** What to produce **
Would you return exactly the lines below from the line with "Fit mama rande." through the line with "Trois personnes rire", both included, and nothing else, leaving out the pictures?

** Data **
__________

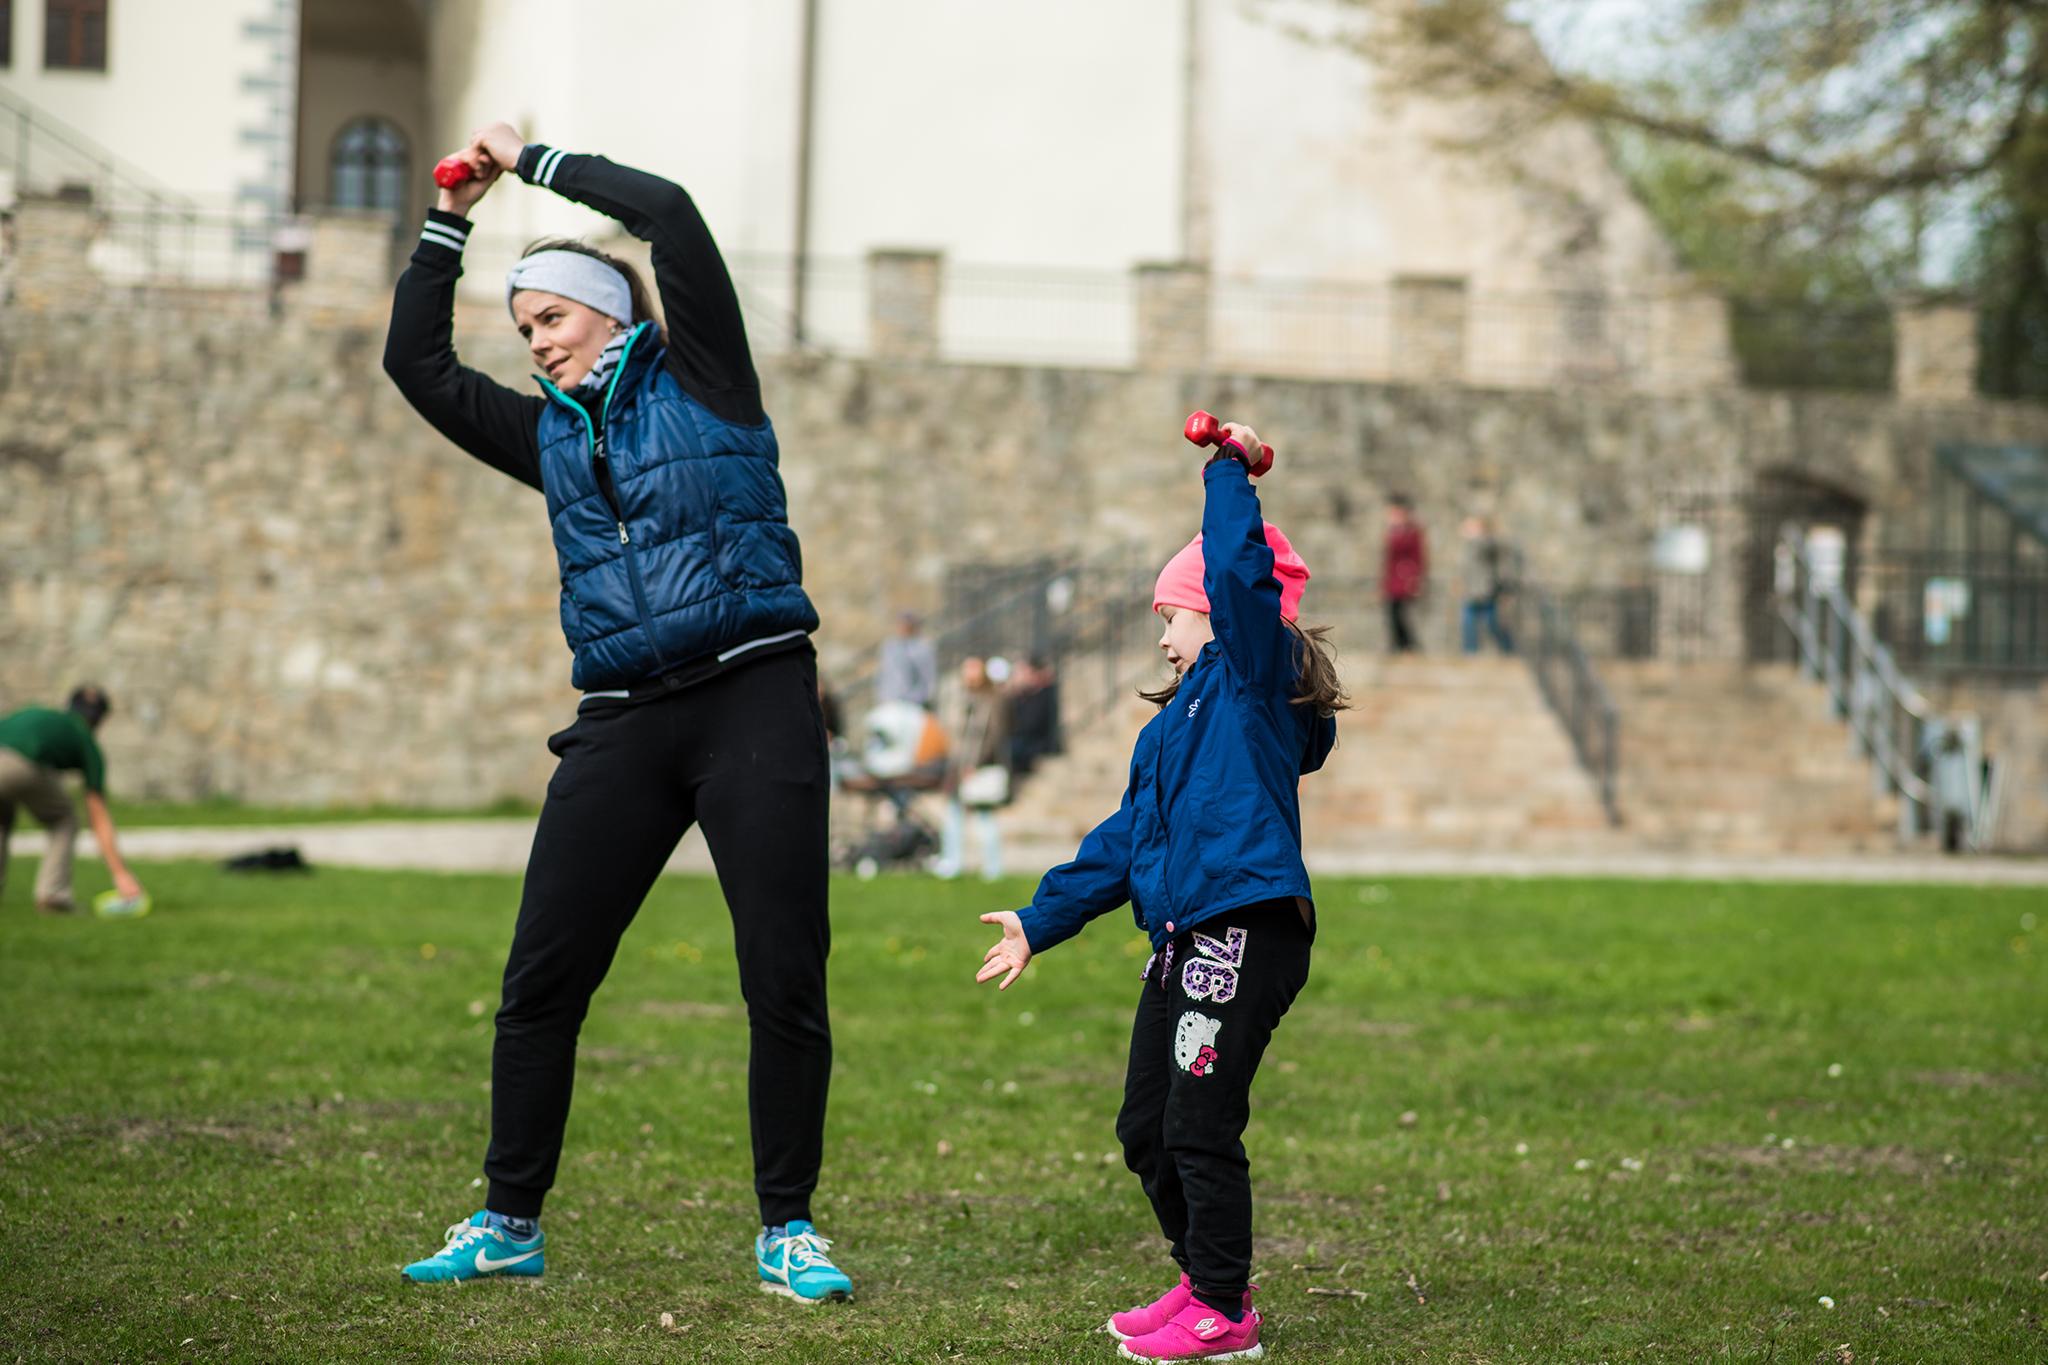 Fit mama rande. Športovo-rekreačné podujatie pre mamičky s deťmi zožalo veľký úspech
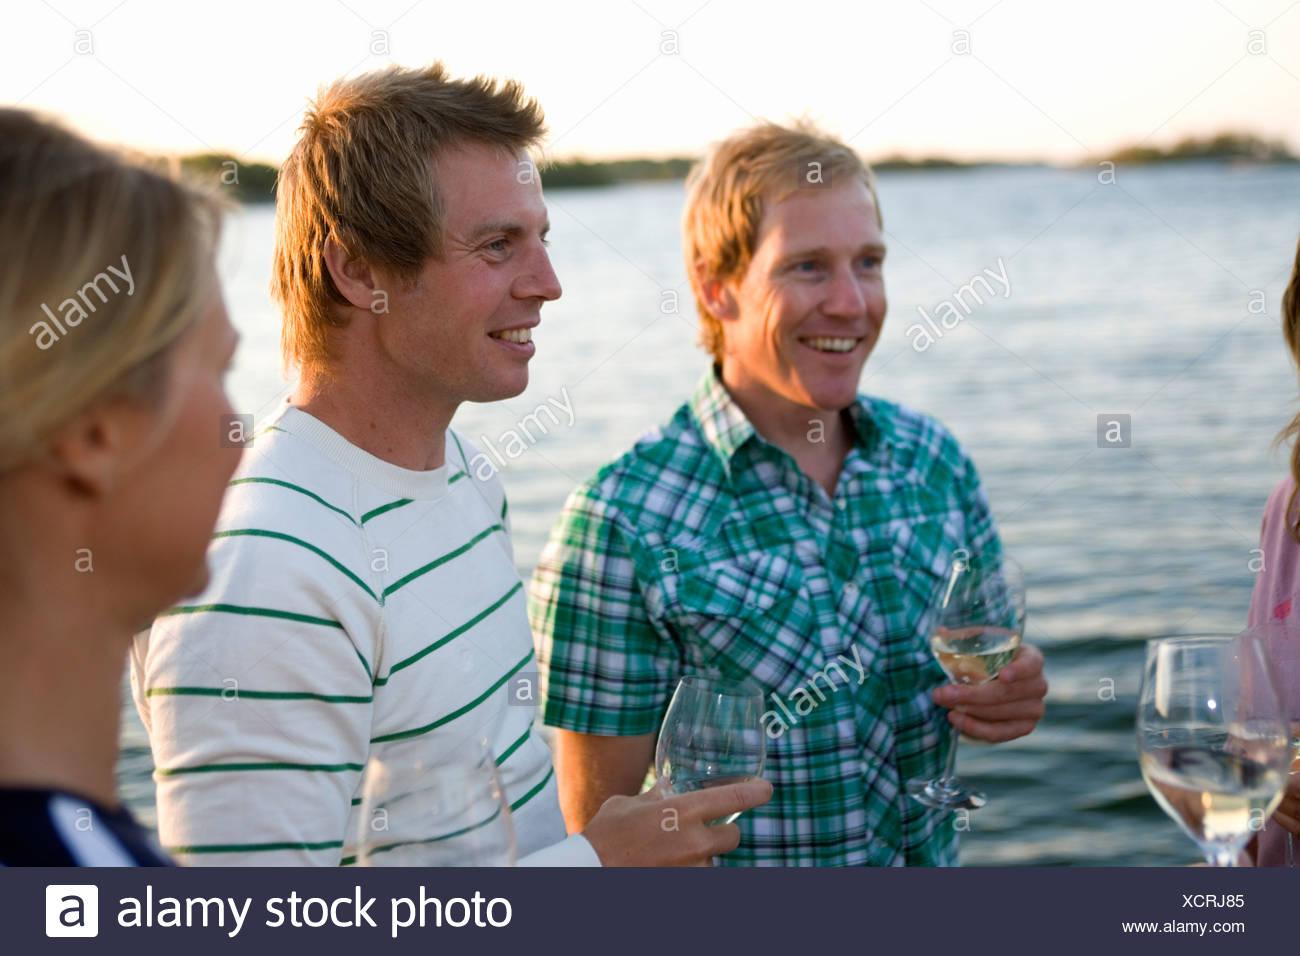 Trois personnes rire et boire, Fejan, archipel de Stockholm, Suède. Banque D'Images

__________

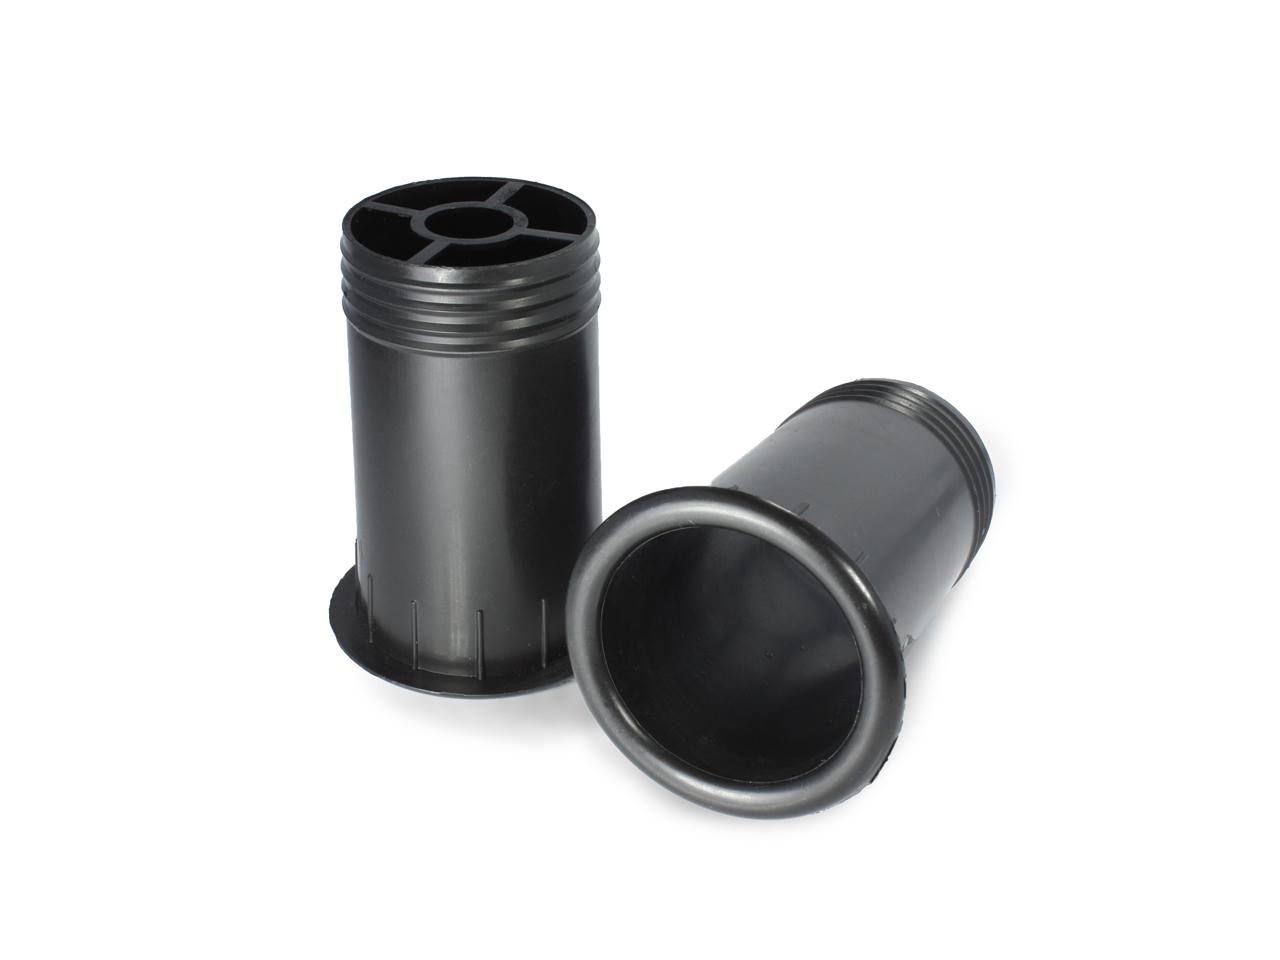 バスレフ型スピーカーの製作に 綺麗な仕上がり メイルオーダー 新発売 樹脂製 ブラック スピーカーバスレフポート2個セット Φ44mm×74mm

__________

** Output **
 Fit mama rande. Športovo-rekreačné podujatie pre mamičky s deťmi zožalo veľký úspech
 Trois personnes rire et boire, Fejan, archipel de Stockholm, Suède. Banque D'Images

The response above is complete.